- LISTED ENTRIES:
• • •

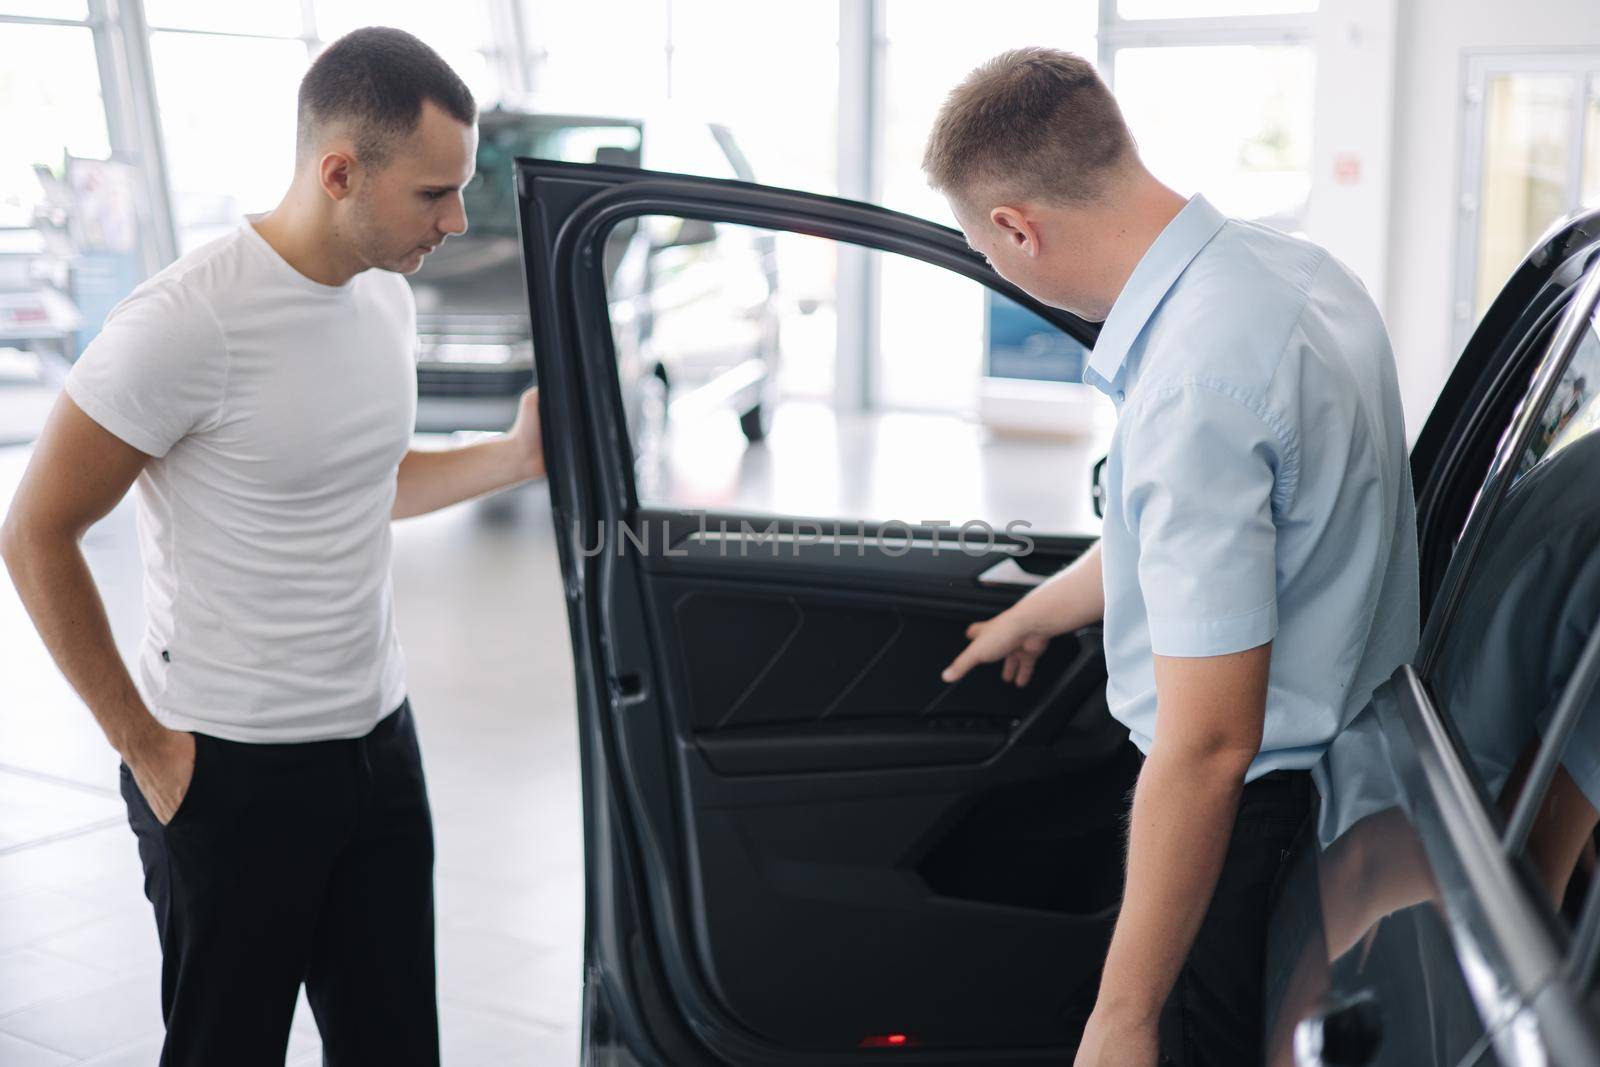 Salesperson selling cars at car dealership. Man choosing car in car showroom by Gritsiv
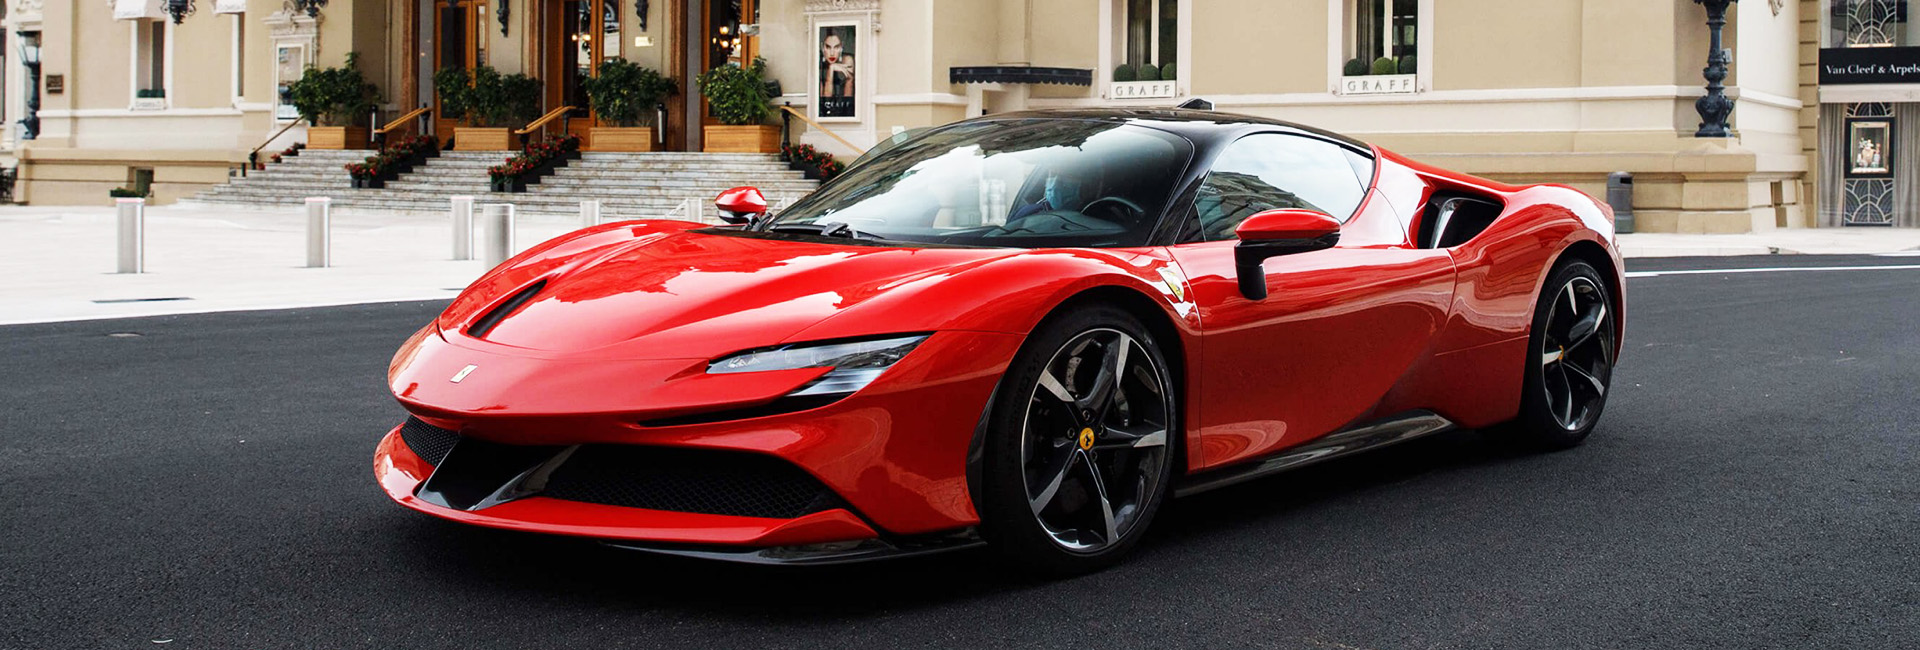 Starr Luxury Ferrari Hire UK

• • •

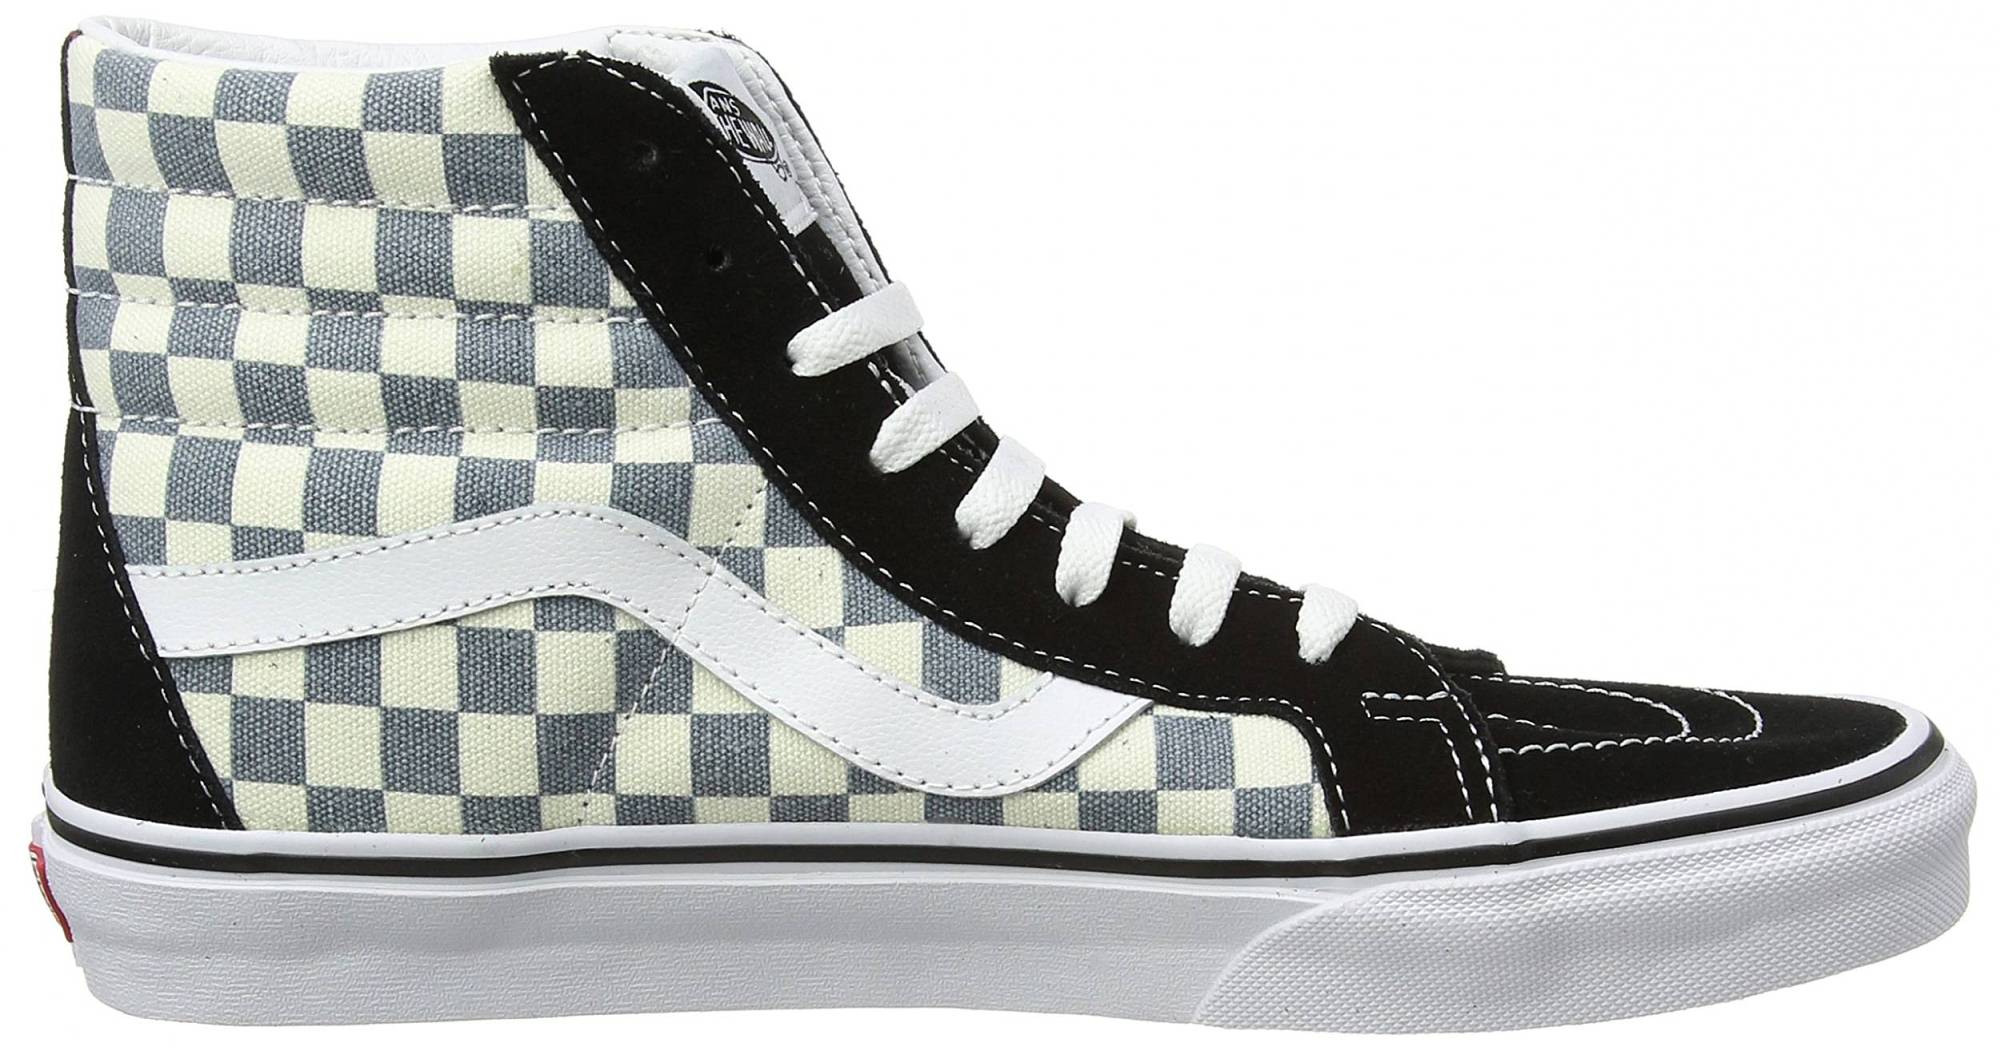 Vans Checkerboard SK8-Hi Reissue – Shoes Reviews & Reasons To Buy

• • •

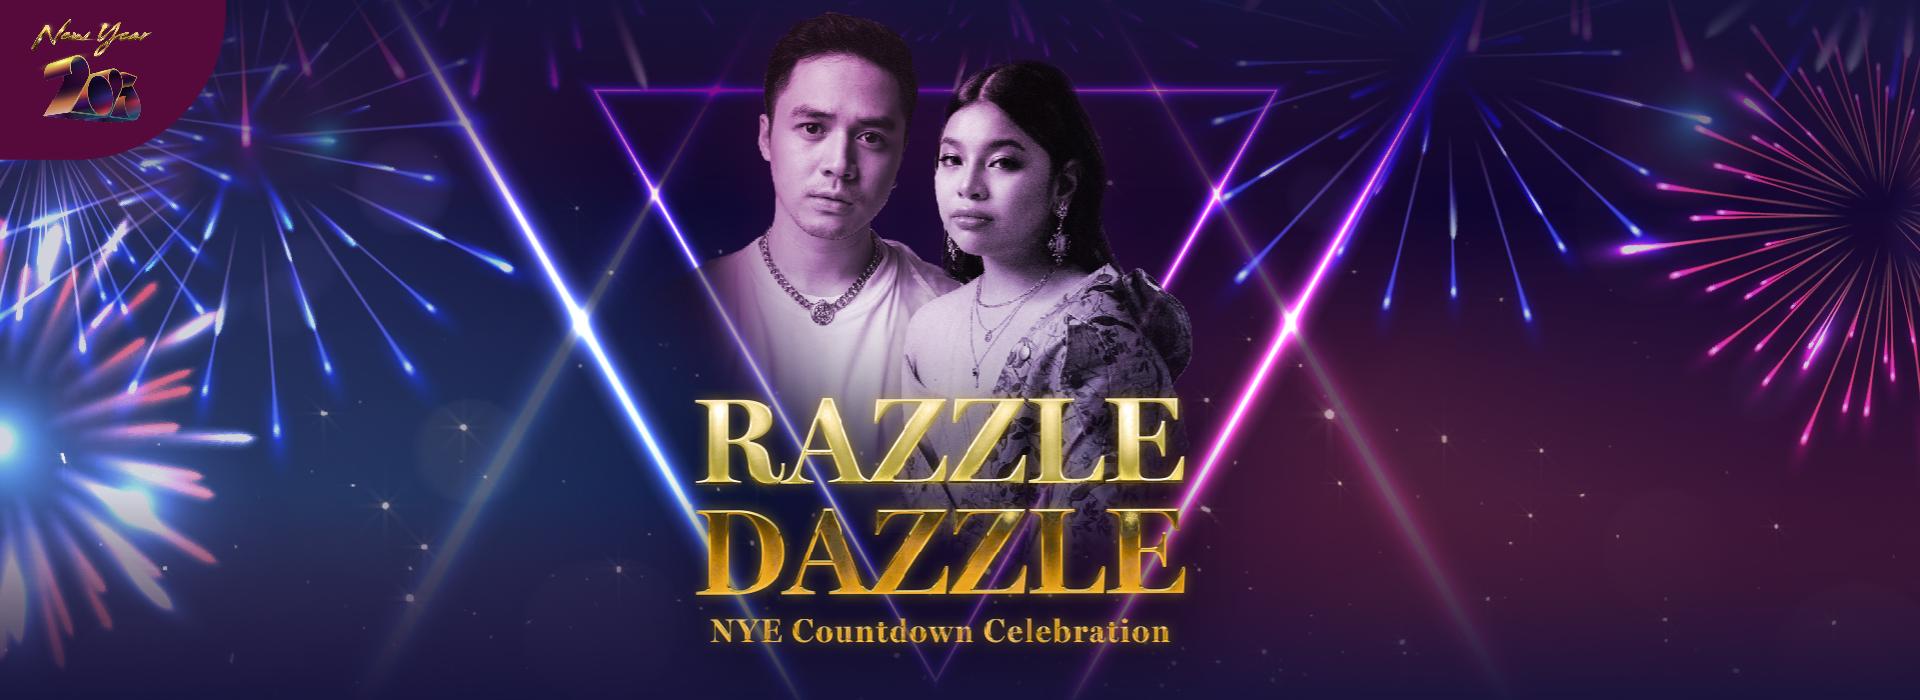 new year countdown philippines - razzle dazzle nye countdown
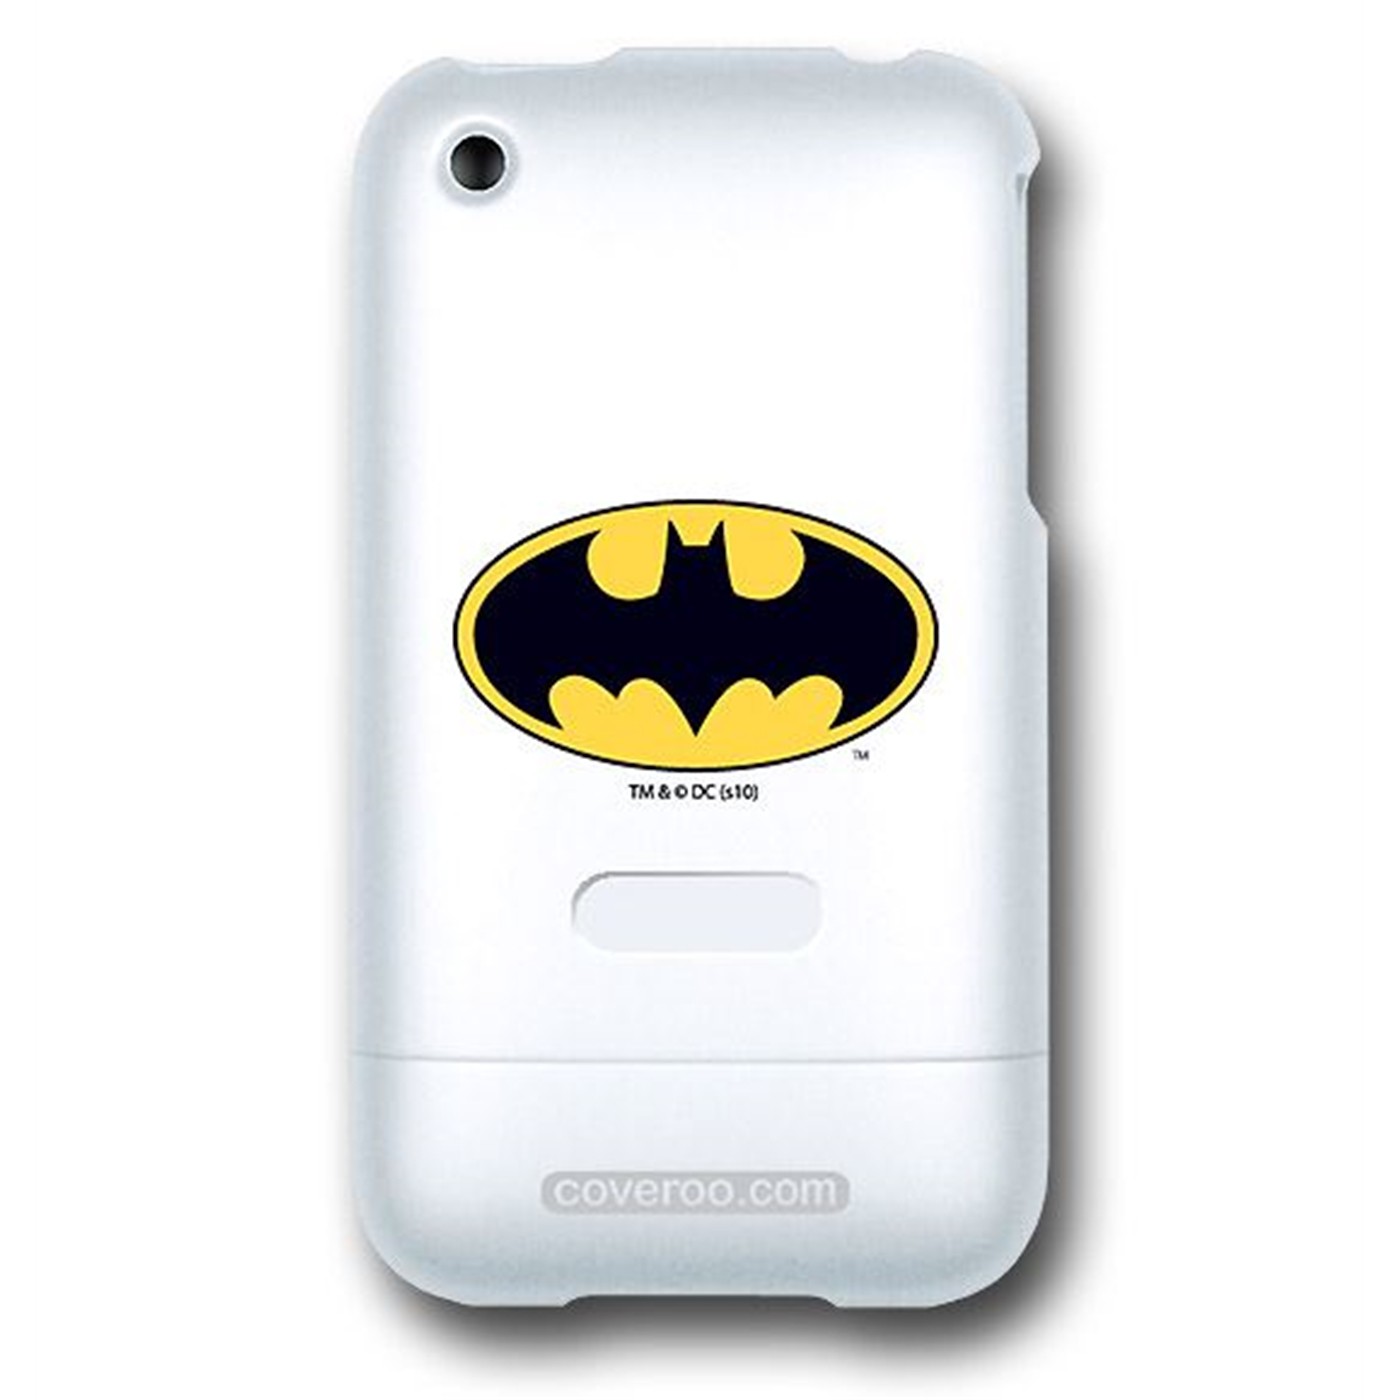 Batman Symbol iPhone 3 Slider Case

• • •

- EXERCISE DESCRIPTION:
Although pictures appear among the entries, please set down only the lines from the one with "Salesperson selling cars" up to and including the one with "Starr Luxury Ferrari Hire UK", word for word.

- COMPLETED EXERCISE:
 Salesperson selling cars at car dealership. Man choosing car in car showroom by Gritsiv
 Starr Luxury Ferrari Hire UK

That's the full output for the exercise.